Question

24. Review. A student, along with her backpack on the floor next to her, are in an elevator that is accelerating upward with acceleration a. The student gives her backpack a quick kick at t = 0 , imparting to it speed v and causing it to slide across the elevator floor. At time t, the backpack hits the opposite wall a distance L away from the student. Find the coefficient of kinetic friction ${\mathit{\mu }}_{\mathbf{k}}$ between the backpack and the elevator floor.

Short answer

The coefficient of the kinetic friction is ${\mu }_k=\frac{2(vt-L)}{(a+g)t^2}$.

Step-by-step solution

Concept and explanation

The elevator's width is equal to = L .

If a student is standing in an elevator with an upward acceleration of a, the normal force exerted on the student is,

$\begin{array}{c}n=mg+ma\\ =m(a+g)\end{array}$

Let ${\mu }_k$the kinetic friction coefficient between the backpack and the elevator floor be at t = 0 , the student kicks her rucksack, giving it a speed of v and causing it to slide over the elevator floor.

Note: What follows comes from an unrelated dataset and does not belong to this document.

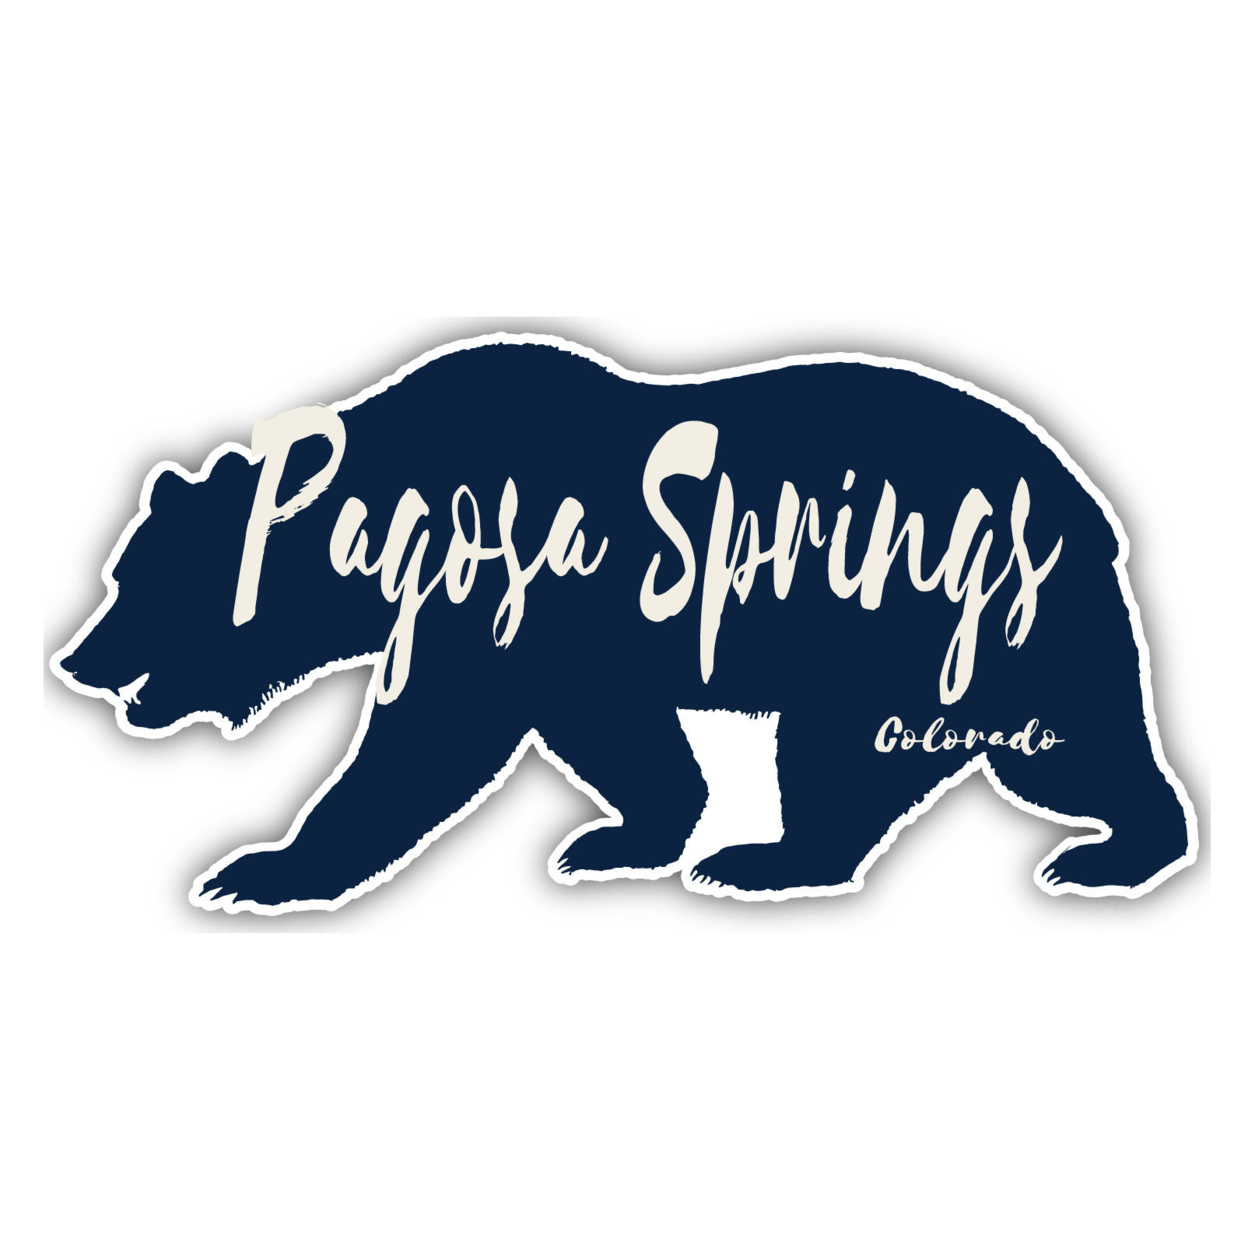 Pagosa Springs Colorado Souvenir Decorative Stickers (Choose Theme And Size) - Single Unit, 2-Inch, Bear
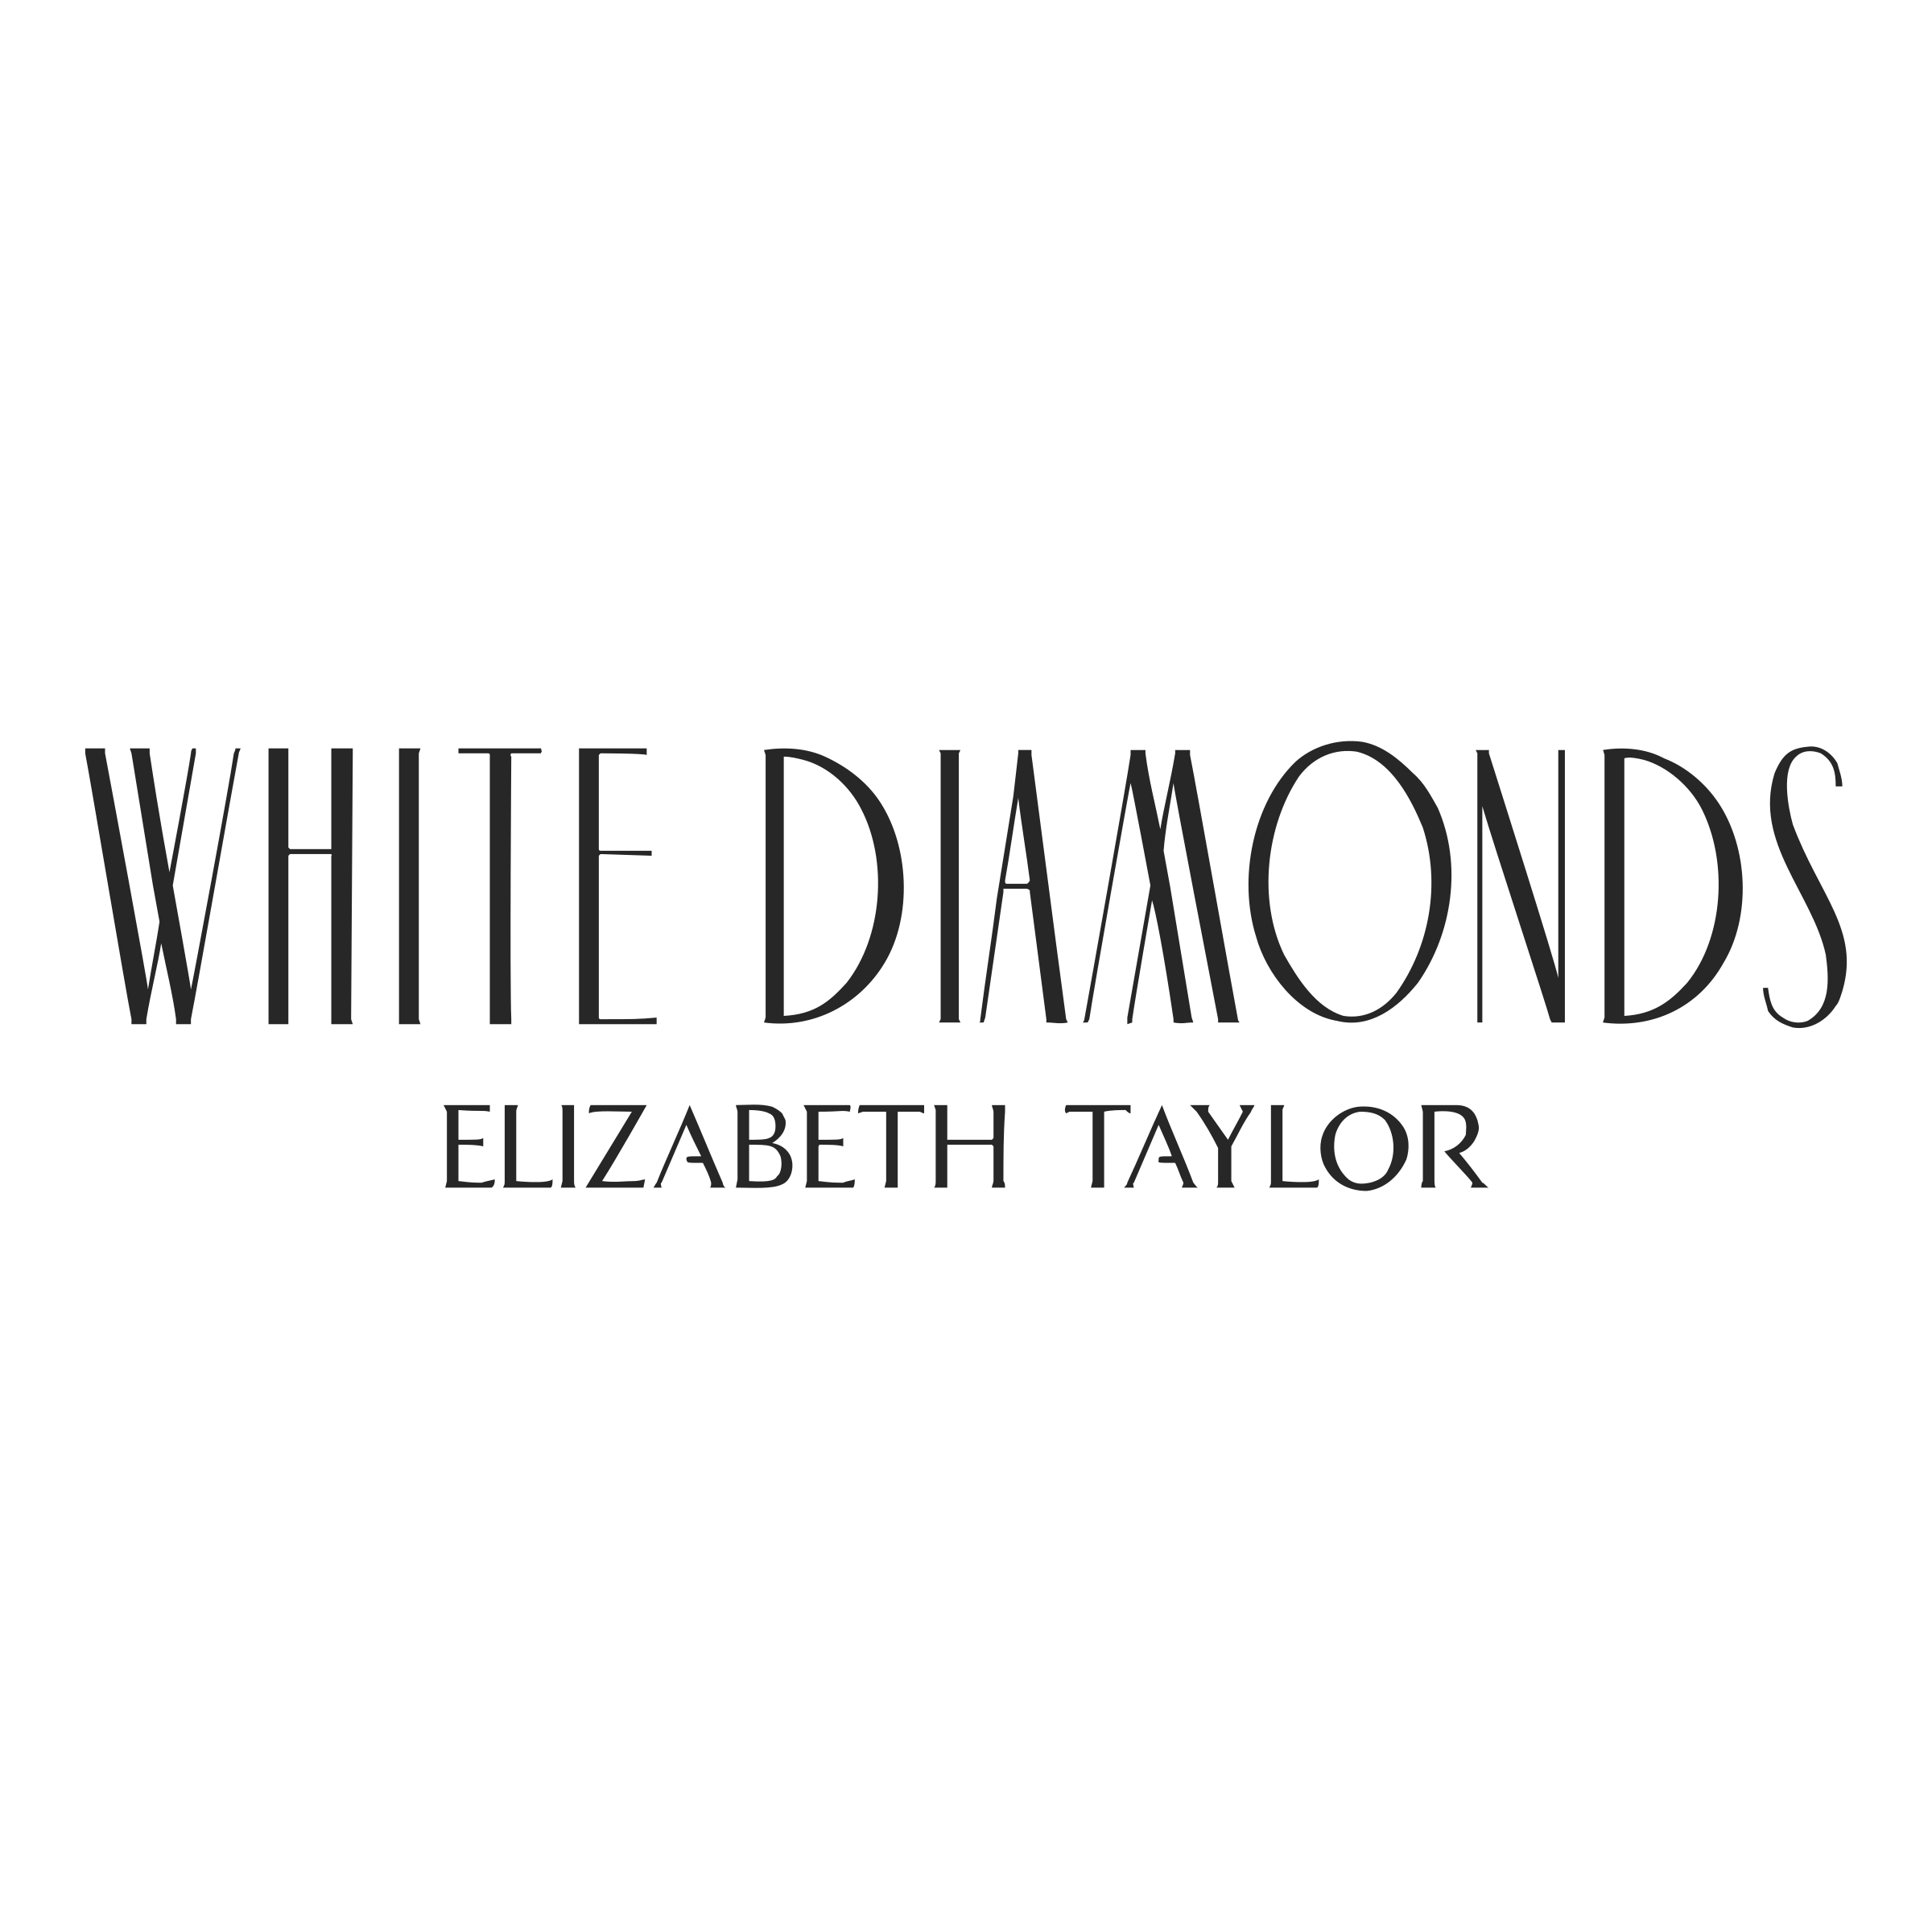 White Diamonds Logo - White Diamonds Logo PNG Transparent & SVG Vector

The backpack collides with the opposing wall at time t. That is, the distance her backpack has travelled is L.

Determining the kinetic coefficient of friction

Consider the forces at work on the backpack as it moves through the Earth's frame of reference

$\begin{array}{c}\Sigma F_y=m{a}_y\\ n-mg=ma\\ n=ma+mg\\ =m(a+g)\end{array}$

Then, frictional force data-custom-editor="chemistry" $f_k={\mu }_{k}n$

$\begin{array}{c}\Sigma F_x={\mu }_{k}m(a+g)\\ =m{a}_x\\ -{\mu }_{k}m(a+g)=m{a}_x\\ a_x=-{\mu }_k(a+g)\end{array}$

As a result, the equations below describe the motion across the floor.

$\begin{array}{c}S=vt+\frac{1}{2}{a}_x{t}^2\\ L=vt-\frac{1}{2}{\mu }_k(a+g)t^2\\ \frac{1}{2}{\mu }_k(a+g)t^2=vt-L\\ {\mu }_k(a+g)t^2=2(vt-L)\\ {\mu }_k=\frac{2(vt-L)}{(a+g)t^2}\\ \end{array}$

Thus, the coefficient of the kinetic friction is ${\mu }_k=\frac{2(vt-L)}{(a+g)t^2}$.